I want to cut the Japanese string in C++.

I am using C++11 to receive input of Japanese strings and create a program to cut out and count each character, but this is my first time using Japanese, so I don't have enough knowledge. If possible, I would like to write range_based_for in string.

c++ japanese

2022-09-30 19:17

2 Answers

std::string/ std::wstring/ std::u16string/ std:::u32string is provided, but each deals only with the corresponding character type ().For example, C standard libraries have case-insensitive comparisons such as stricmp, but C++ string does not even have these features. Everything is left to the library user, so if it becomes multi-byte characters, it is also the library user's responsibility to manage UTF-16 using std::u16string, but still Salogate pair is also the user's responsibility.rg/wiki/%E 7%B 0%E 4%BD%93%E 5%AD%97%E 3%82%BB%E3%83%AC%E3%82%AF%E3%82%BF "rel="nfollow no moreferrer">Different character selector does not fit into a single character.

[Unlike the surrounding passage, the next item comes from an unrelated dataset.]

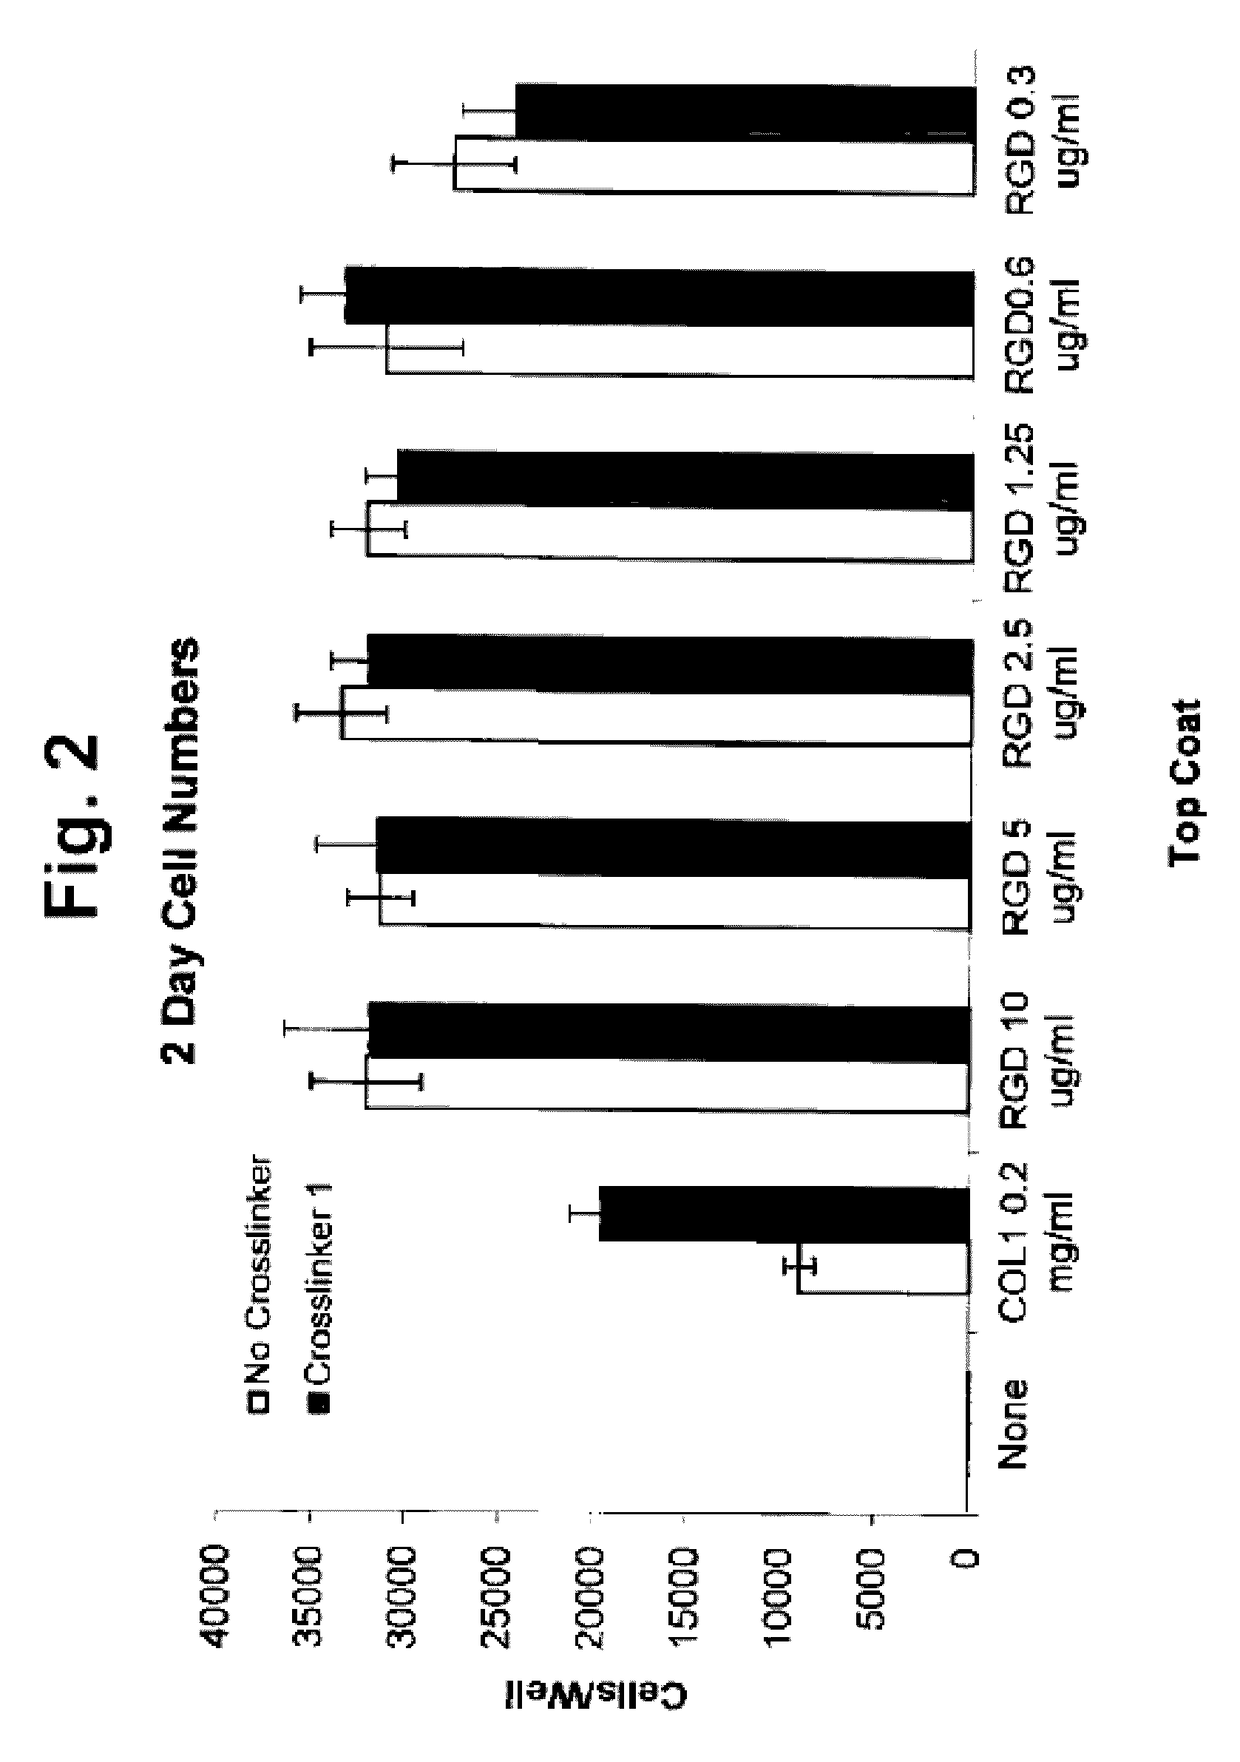 Cell attachment coatings and methods using phosphorous-containing photoreagent

In the end, it is up to the user to decide what is considered a "one character", and the corresponding action will be described.



		
		
			

				

					
				

				
					2022-09-30 19:17



	
		
The C/C++ language standard has no concept of string except literal.

There is only an array of the type that means the character code.

Also, ANSI (Shift-JIS) (also known as MBCS) and Unicode codes are handled differently.
char Nihongo_A[7] = "Japanese"; // Char tried putting Japanese in the array (for Shif-JIS code)
wchar_t Nihongo_W[4] = L "Japanese"; // Attempted to put Unicode Japanese in a wide character array (for example, UTF-16)
Both are in Japanese, but the concept of one character varies depending on the character code, so the number of elements required for the array is different as shown above.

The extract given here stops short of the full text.